Tidak kurang Badan Pengawas Pemilu Kabupaten Sabu Raijua mengirimkan surat resmi kepada Kantor Imigrasi Provinsi NTT, Kantor Imigrasi Kupang, dan Direktorat Jenderal Imigrasi Kementerian Hukum dan HAM soal kewarganegaraan Riwu Kore itu.

Pasal 7 ayat 1 UU Nomor 10/2016 tentang Pilkada menegaskan, calon kepala daerah haruslah seorang penyandang kewarganegaraan Indonesia.
Adapun pada pasal 23 huruf h UU Nomor 12/2006 tentang Kewarganegaraan Republik Indonesia, tegas dinyatakan bahwa warga negara Indonesia kehilangan kewarganegaraan Indonesia-nya jika memiliki kartu identitas resmi dari negara lain.

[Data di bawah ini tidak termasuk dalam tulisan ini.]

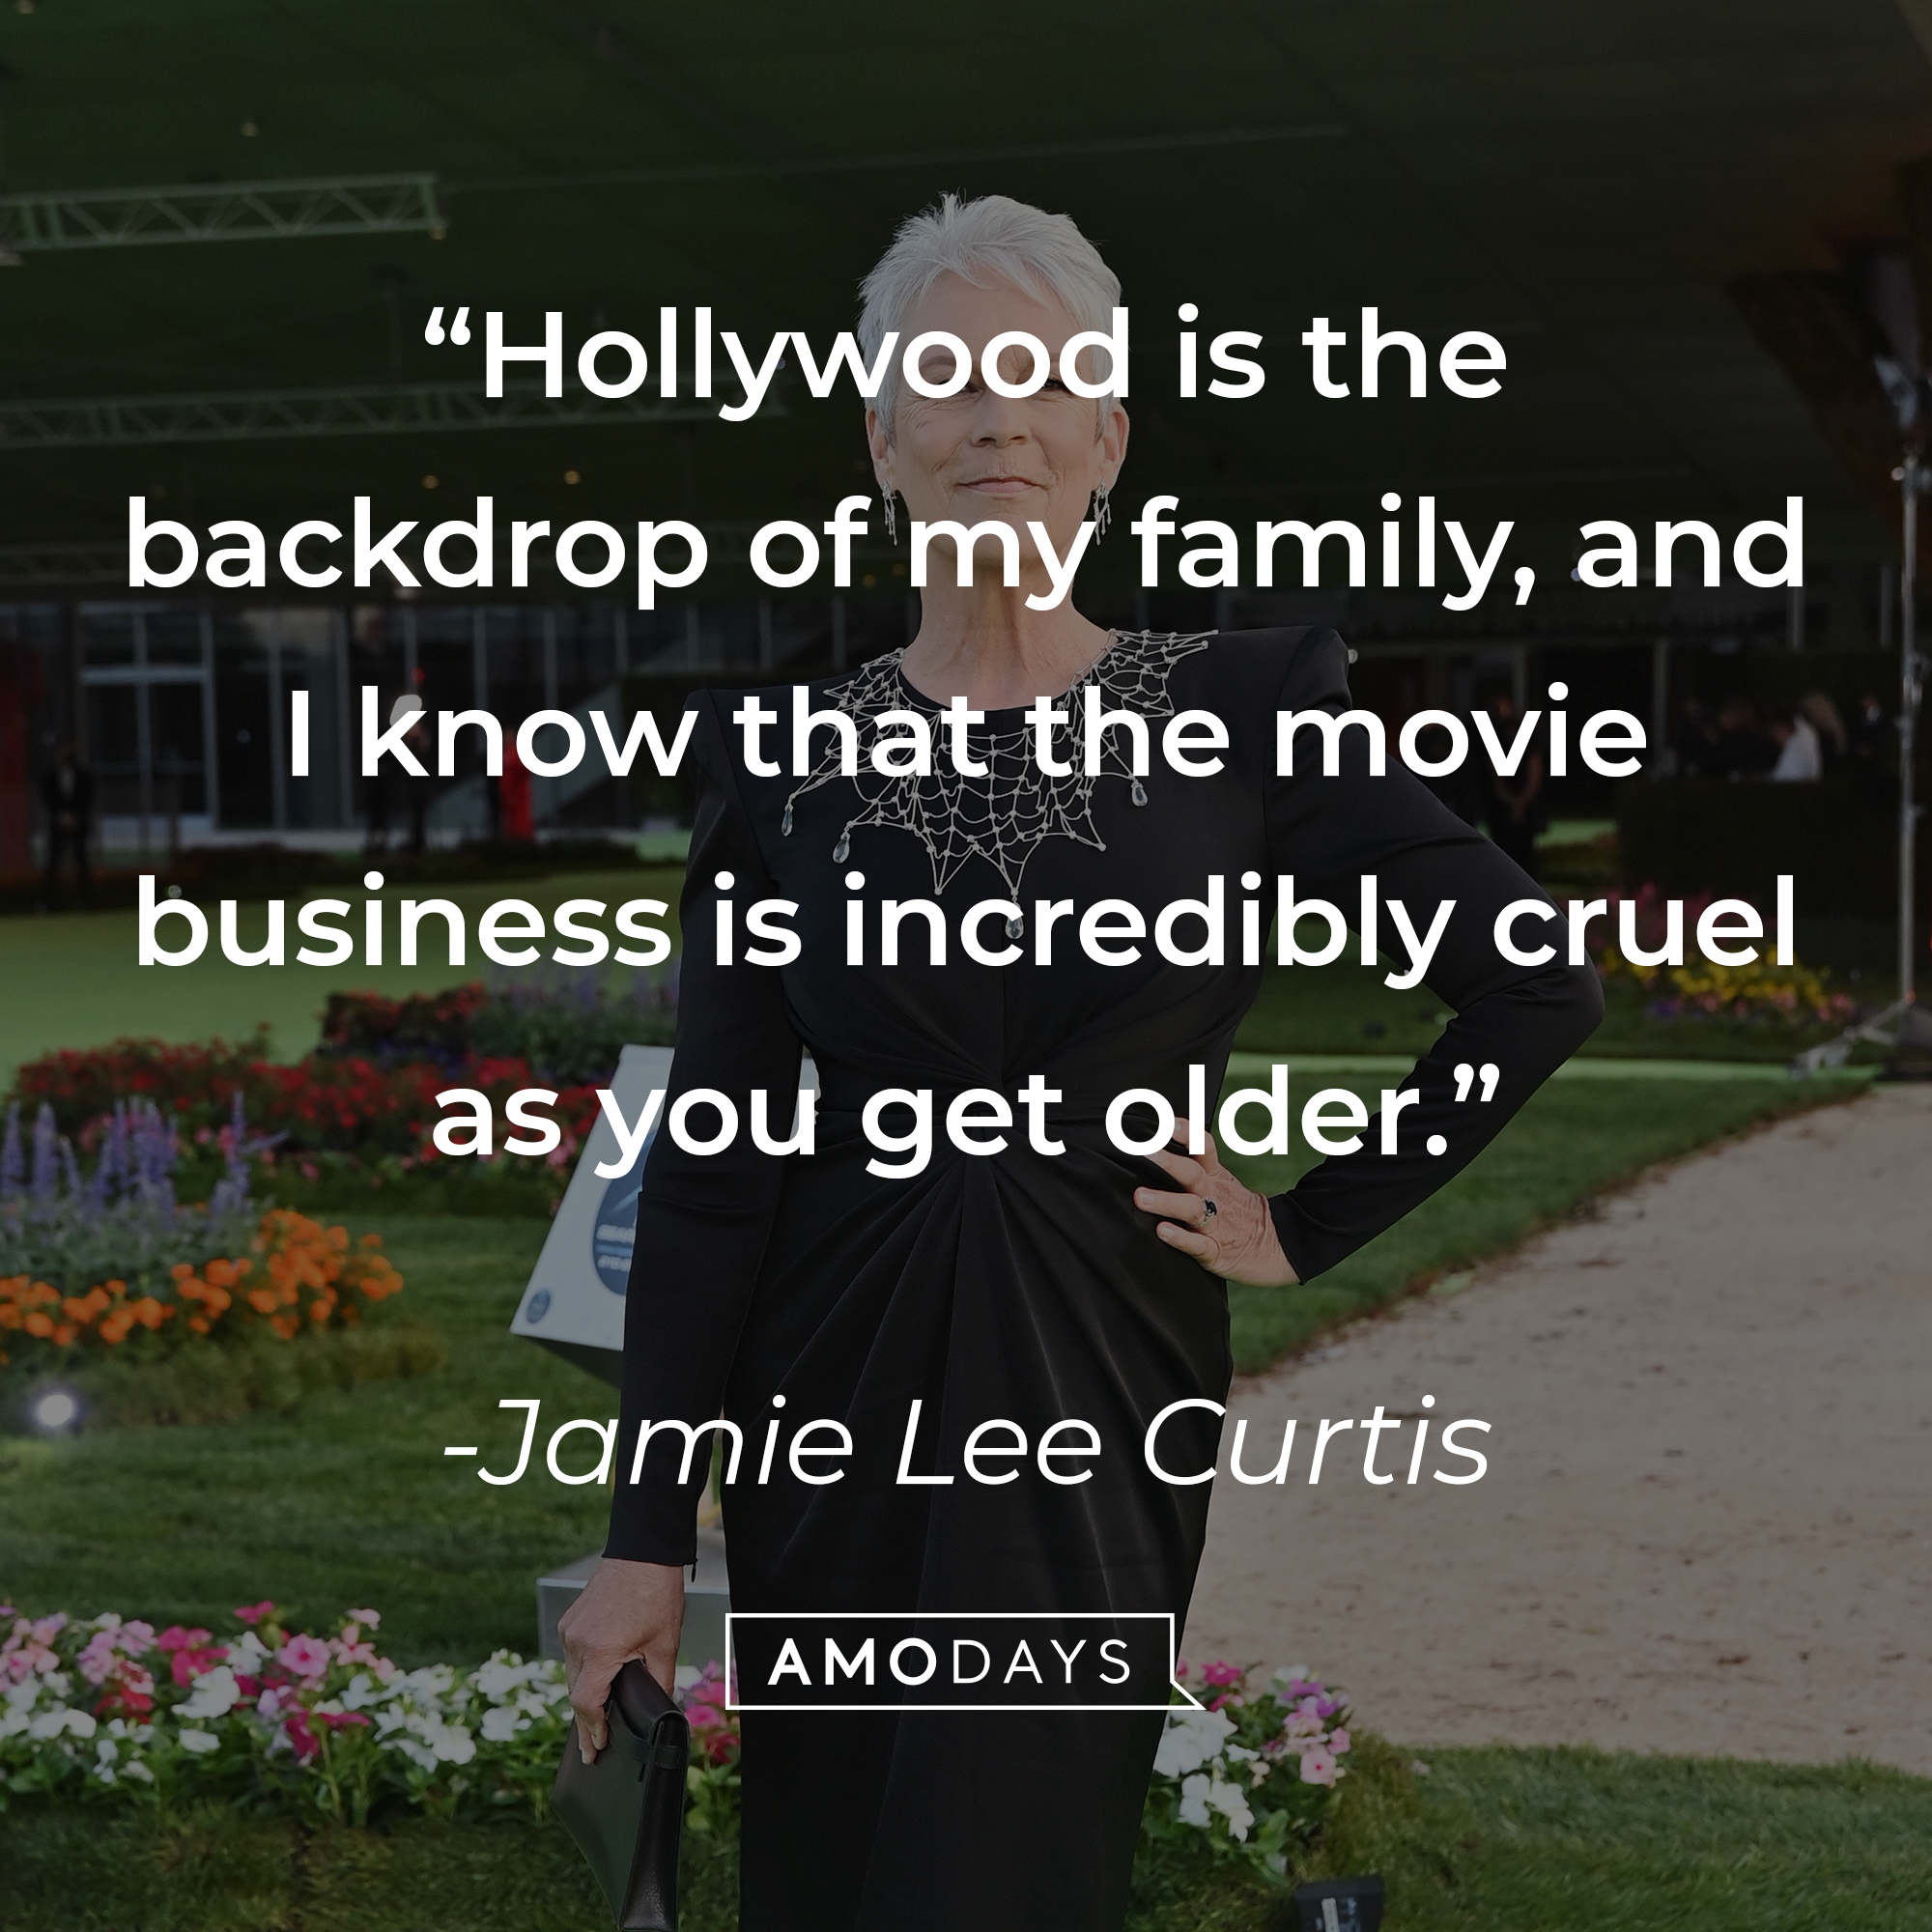 An image of Jamie Lee Curtis, with her quote: “Hollywood is the backdrop of my family, and I know that the movie business is incredibly cruel as you get older.” | Source: Getty Images

Indonesia tidak menganut kewarganegaraan ganda kecuali anak hasil perkawinan campur hingga anak itu berusia 18 tahun, saat anak itu harus memilih kewarganegaraannya, apakah mengikuti kewarganegaraan ayah atau ibunya.

Abhan menjelaskan, Badan Pengawas Pemilu Kabupaten Sabu Raijua mengirimkan surat pertama kali pada 5 September 2020 kepada kepala Kantor Imigrasi Provinsi Nusa Tenggara Timur (NTT) melalui Surat No.118/K.Bawaslu-SR/HK.00.02/IX/2020 perihal permintaan data kewarganegaraan Riwu Kore.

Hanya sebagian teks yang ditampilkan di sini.